** Opening EXTRACTED RECORDS block **

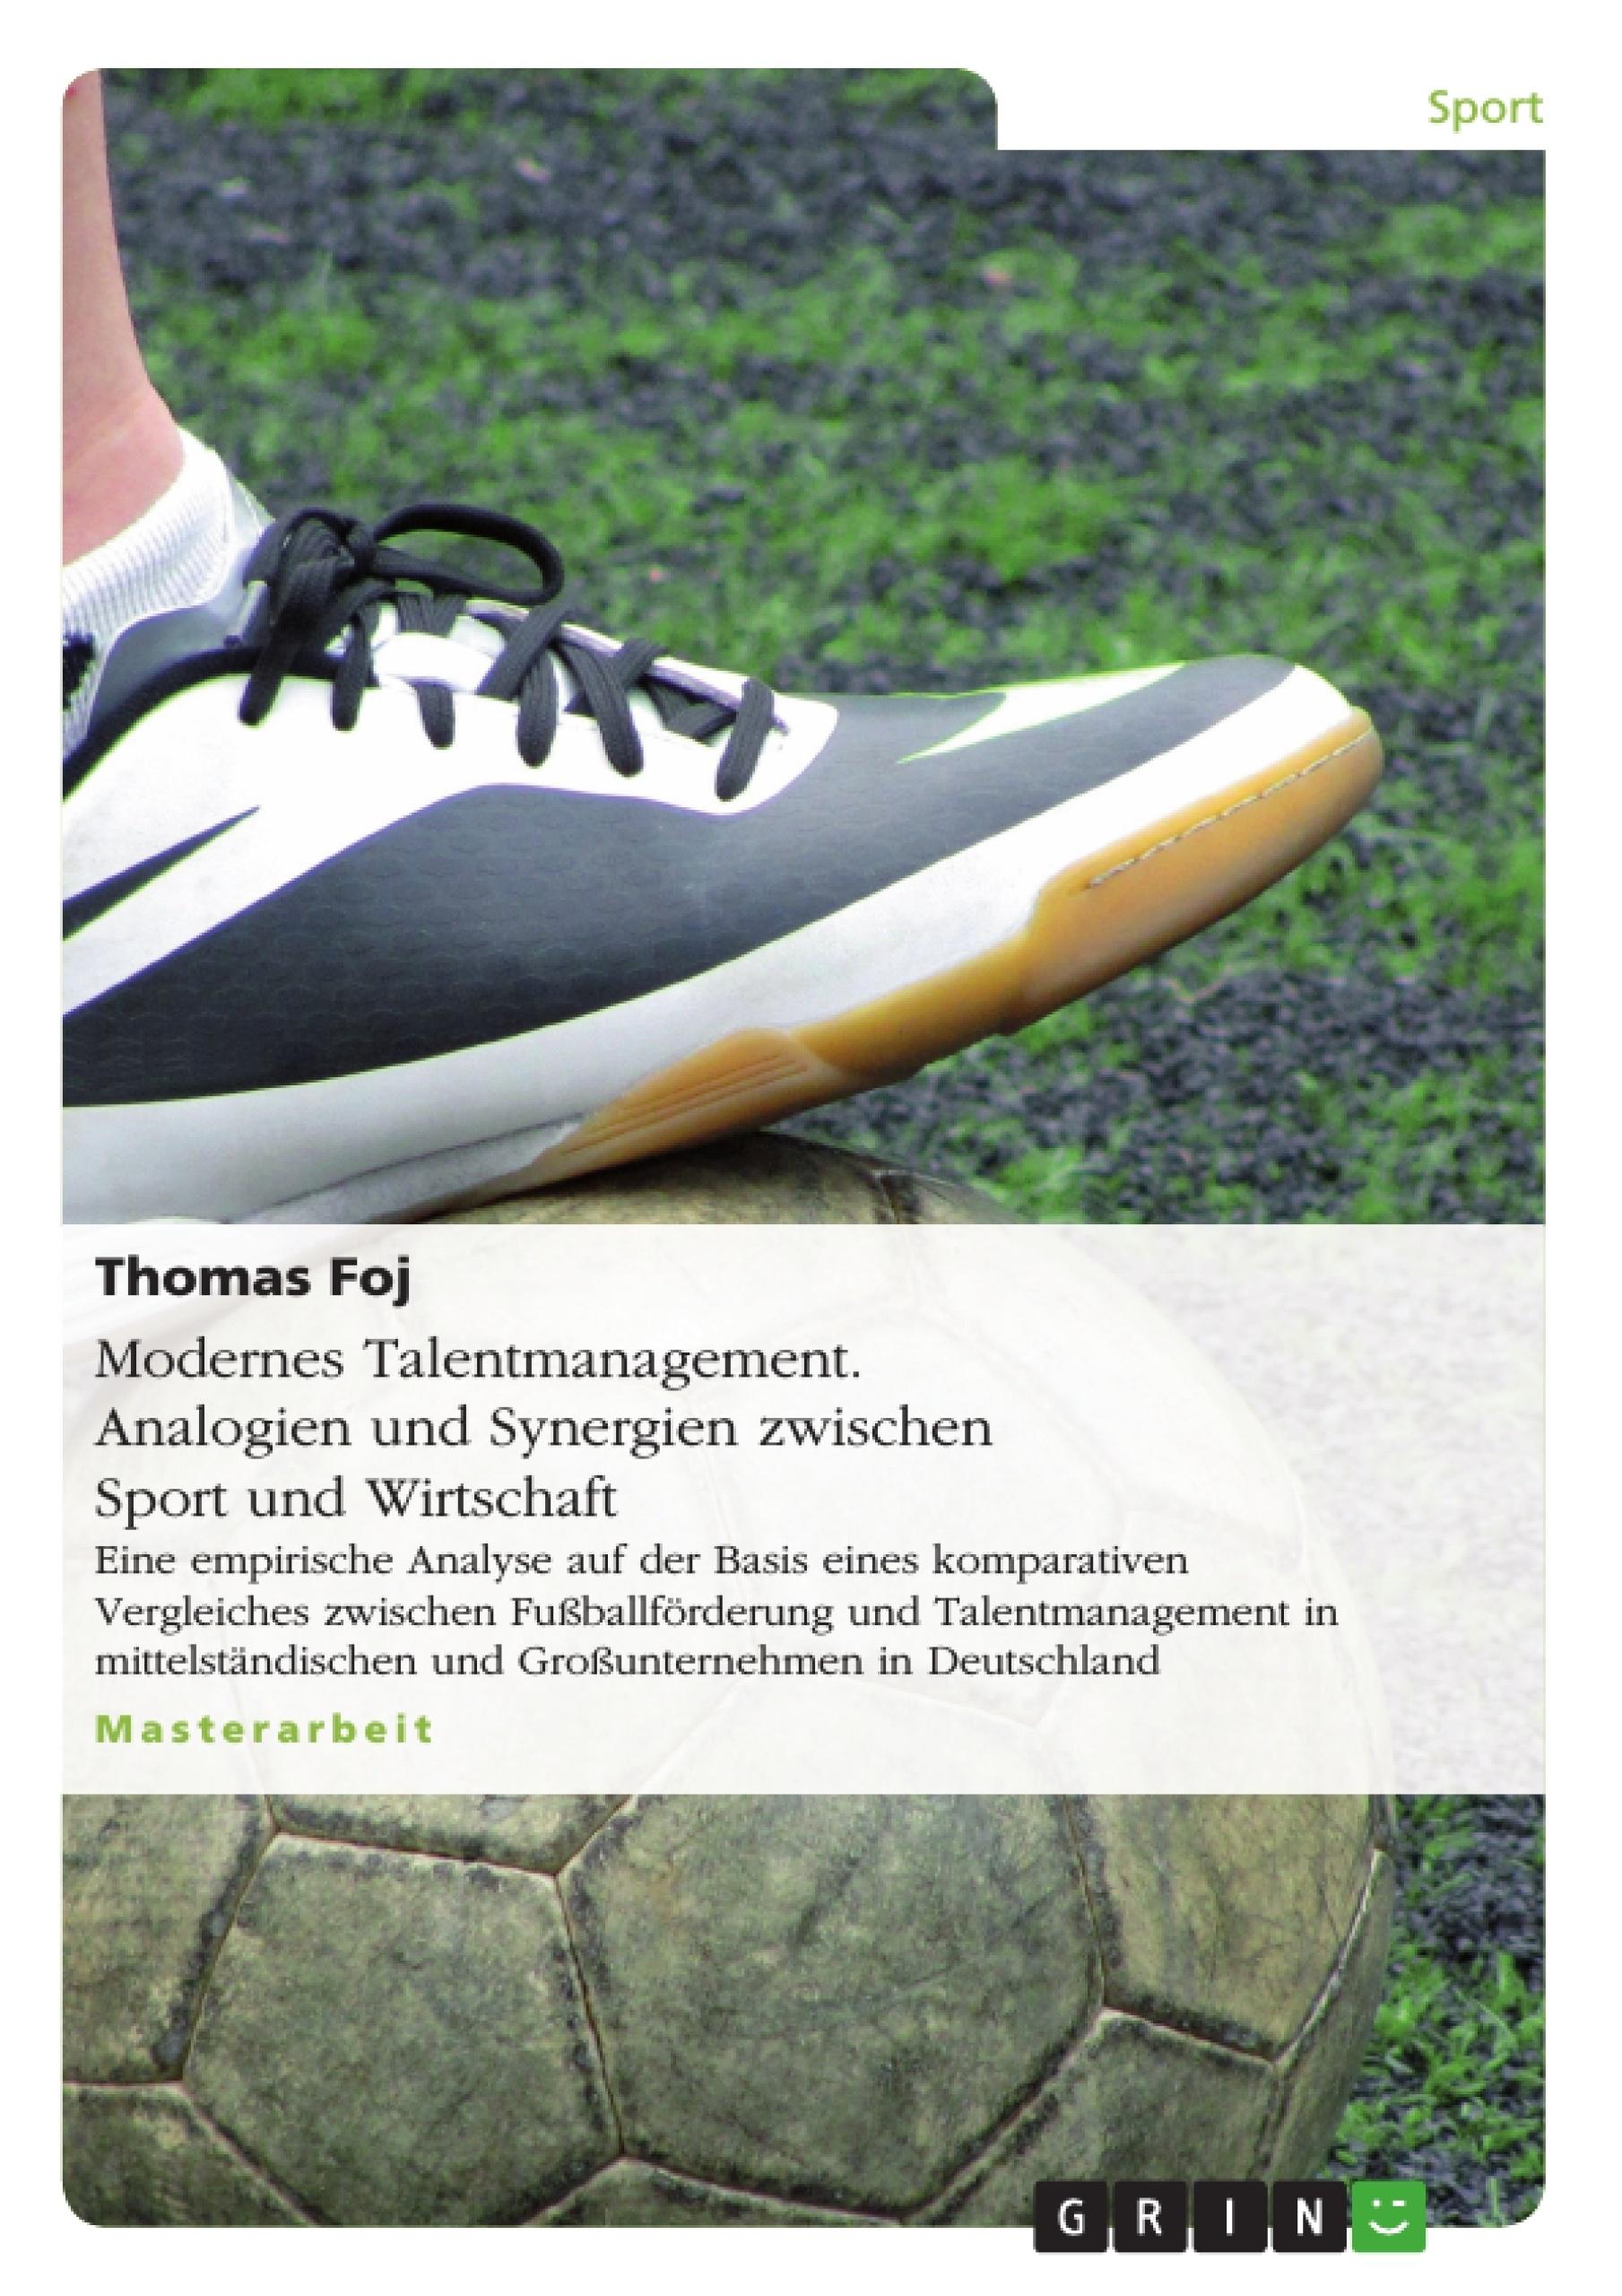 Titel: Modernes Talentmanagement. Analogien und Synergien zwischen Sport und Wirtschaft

** Closing EXTRACTED RECORDS block **
** Opening EXTRACTED RECORDS block **

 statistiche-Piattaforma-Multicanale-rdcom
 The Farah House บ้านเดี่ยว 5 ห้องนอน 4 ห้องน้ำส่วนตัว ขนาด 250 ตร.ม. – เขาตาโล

** Closing EXTRACTED RECORDS block **

— WHAT TO WORK ON —
Look above for the line containing "statistiche-Piattaforma-Multicanale-rdcom". Output from there through the line containing "The Farah House", exactly and inclusively.

— FINISHED EXERCISE —
 statistiche-Piattaforma-Multicanale-rdcom
 The Farah House บ้านเดี่ยว 5 ห้องนอน 4 ห้องน้ำส่วนตัว ขนาด 250 ตร.ม. – เขาตาโล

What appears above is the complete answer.